The list is seemingly endless, and the only way for one topic to die down is for another to take it’s place.
I have found myself caught in this weird trap lately. I seem to be sensitive to all of these posts. All of them make me cringe. All of them make me want to talk some sense into people. None of them are satisfying to me.
Even the people with whom I “agree,” people on “my side” are, well, offensive.
First of all, let’s take a step back. People are people. We all have these opinions, and hopefully some kind of convictions about morality and what it takes to live a meaningful life. Those convictions are different, and suffice it to say, I believe that some of those opinions and convictions are wrong. This post, however, is not to establish my side on current issues.
It is to establish my side on how people are communicating their side on current issues.
I believe a lot of our character is revealed in how we treat and talk to or about people who disagree with us.
We seem to have gotten to this place where we are correct, the people who agree with us are worthy, and the people who don’t agree with us are ignorant, blind, or close-minded. And as your social media may portray, a clear waste of oxygen, though not a waste of time to mock or sub-tweet about.
We have forgotten that people who disagree with us are people covered under the same blood as we are.
It doesn’t matter which side you are on. I think we have gotten to the place where we read things, things trying to bring the hypocrisy to light, and we apply it to the other side.
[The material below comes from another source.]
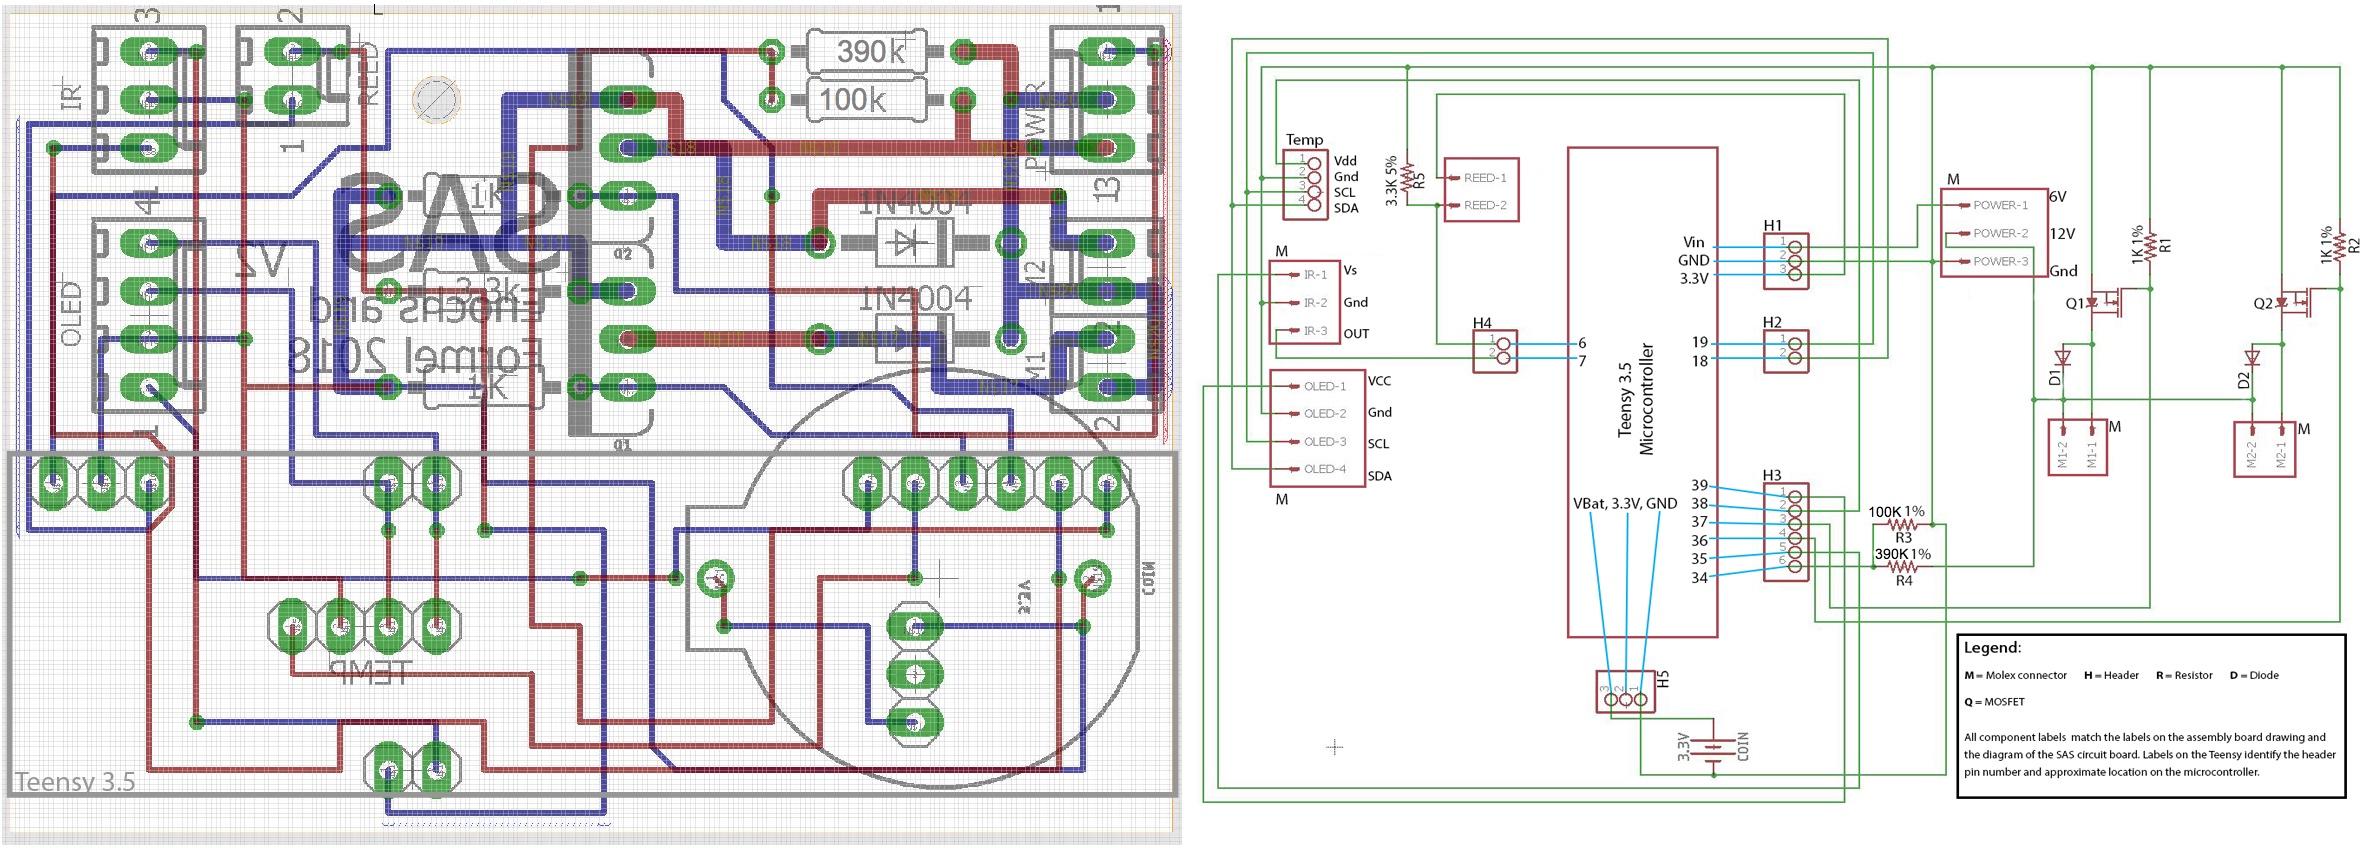 Build A Sas Blue Circuit Board Label An Image

We apply it to the people who disagree with us.
But I want us ALL to step back for a moment and consider three things:
Who are we? Who do we want to be? How can we be those people?
I am a child of God, covered in mercy and grace by the salvation purchased with the powerful blood of Jesus. That’s my identity.
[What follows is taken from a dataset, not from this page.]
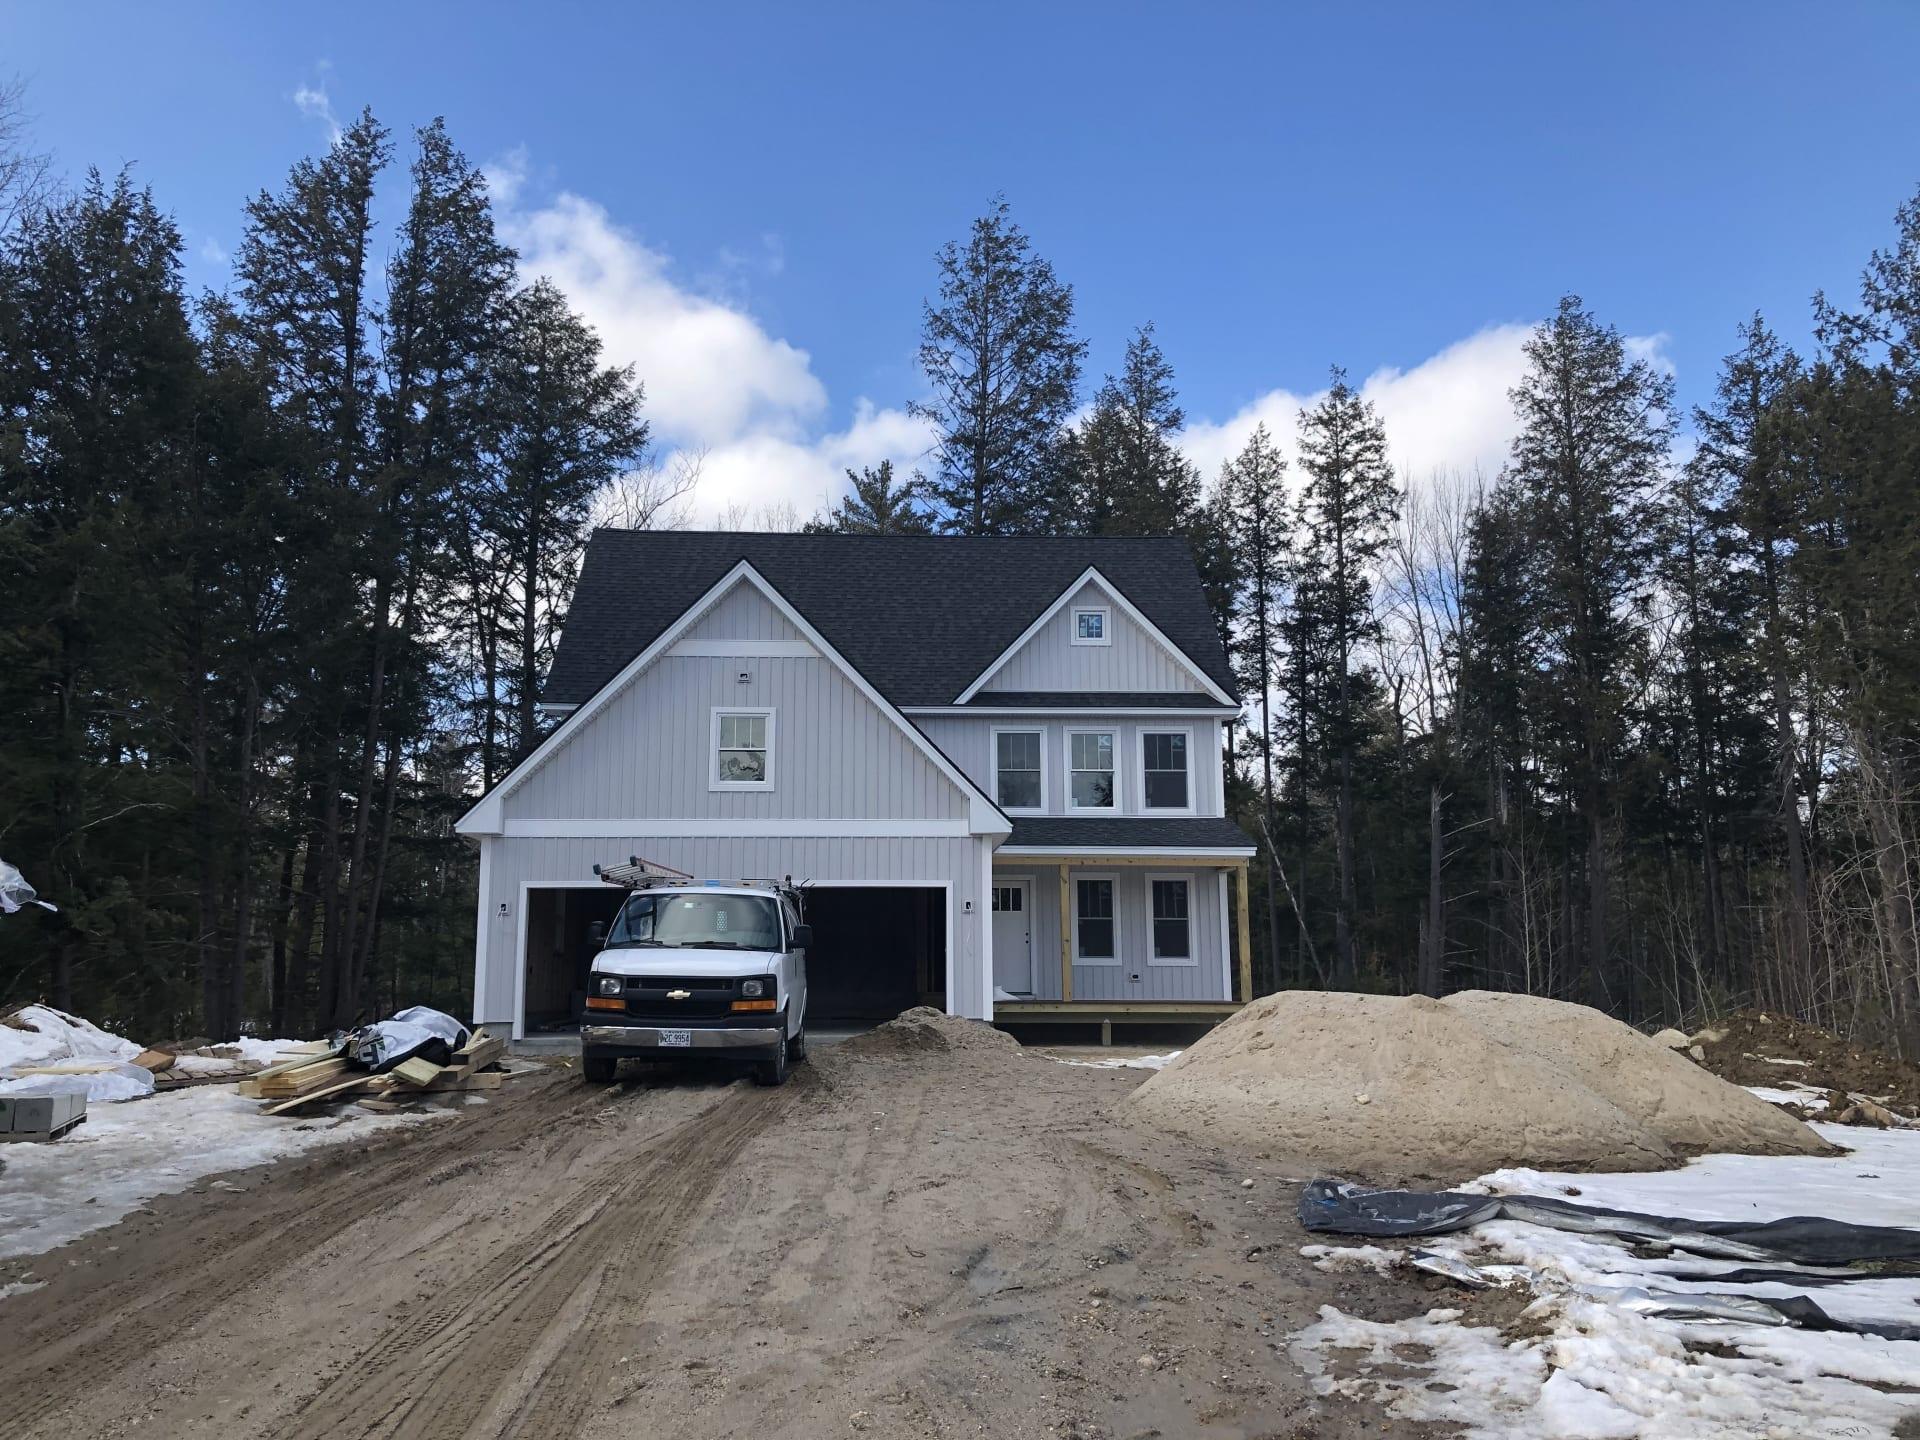 New Home by Pinnacle Home Builders!

I want to be someone who tries to get the plank out of my own eye before contemplating a clever way to highlight the speck (which may in some cases be quite a plank in itself) in someone else’s.
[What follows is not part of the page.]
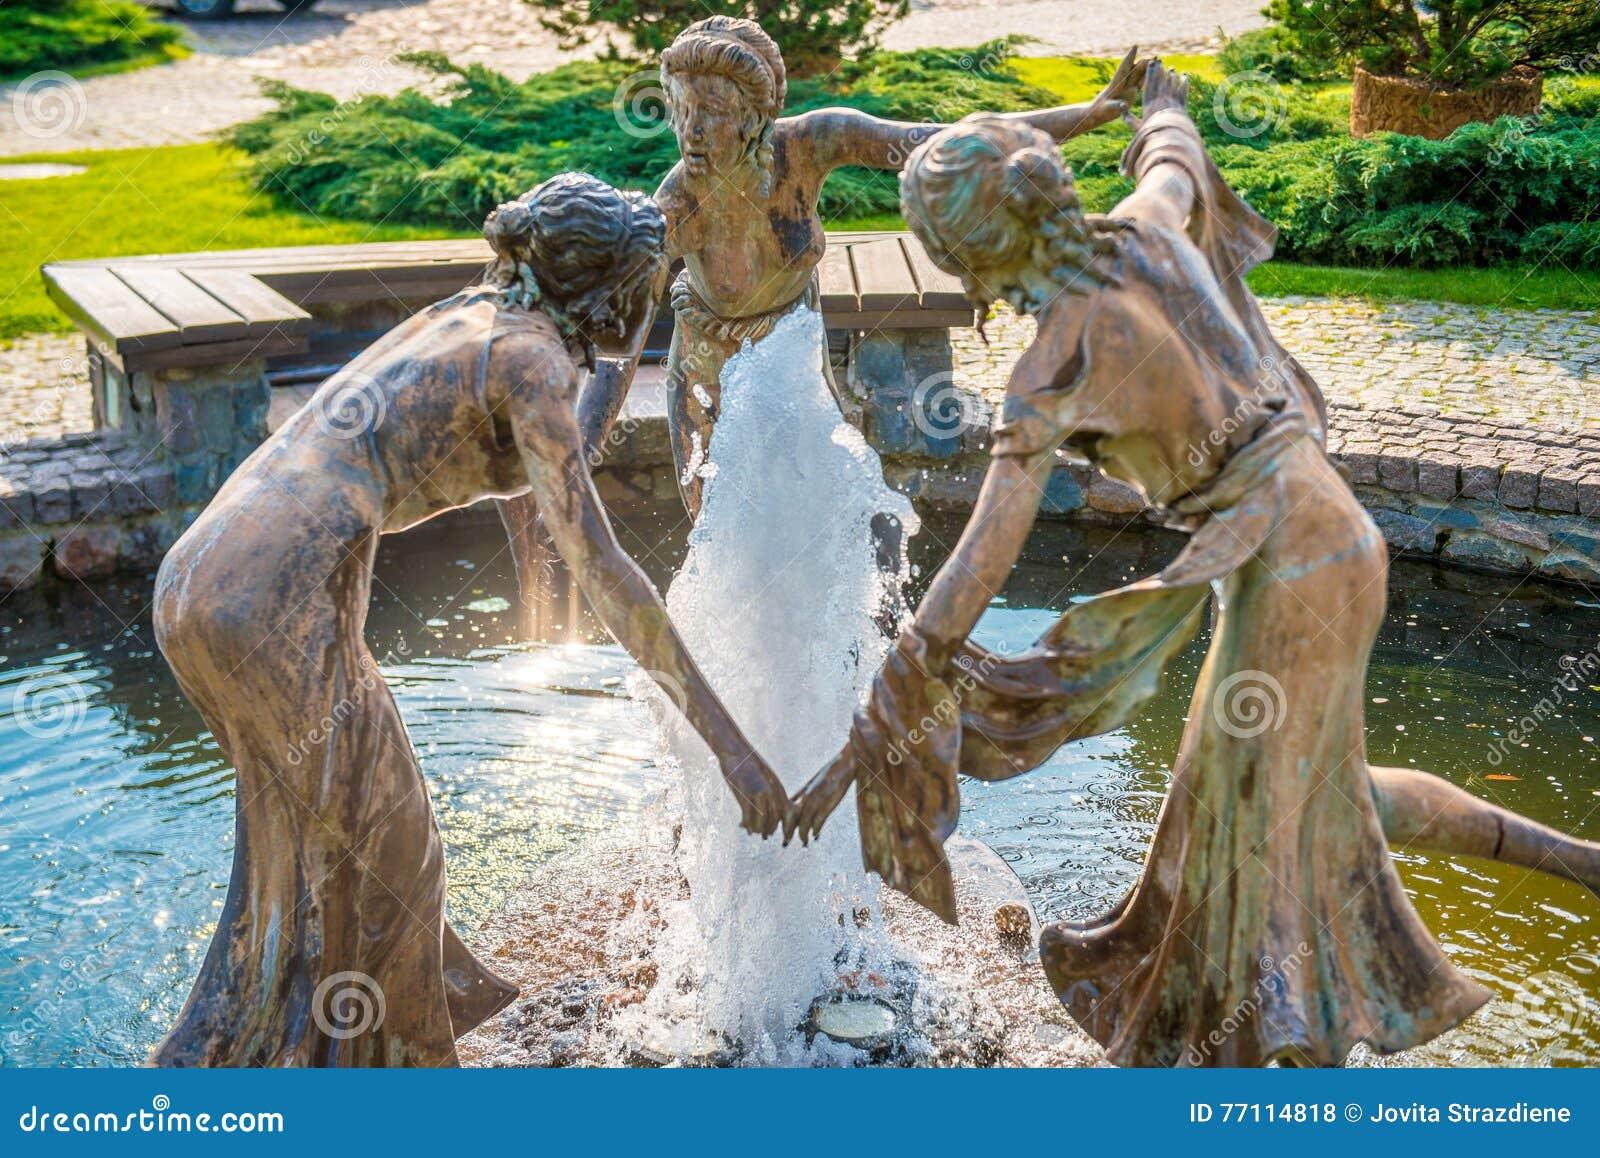 Sculptures in fountain

I want to be someone who seeks first to understand. I want to be able to entertain an idea without accepting it (Aristotle, anyone), who is willing to entertain something rather than reject it out of fear. I want to be someone who can reject ideas with integrity and grace. I want to be someone who, after entertaining, can see the lost and broken as people who are lost and broken, people who won’t be “fixed” by my scolding or arguments or backlash or tweets or likes or shares.
We are never going to change anything by mocking people. We are never going to change anything by drawing lines between ourselves and others, even the people we perceive to be living in a web created by false prophets and faulty beliefs.
We are not going to build the Kingdom by sub-tweeting about ignorance or sharing memes on Facebook.
We will only invite the lost and broken into completeness through the love of Jesus, the love of the one who ate with prostitutes and tax collectors and disciples, not to condemn them, not to share a list of their offenses or praise their good works, but to welcome them into a personal relationship with himself.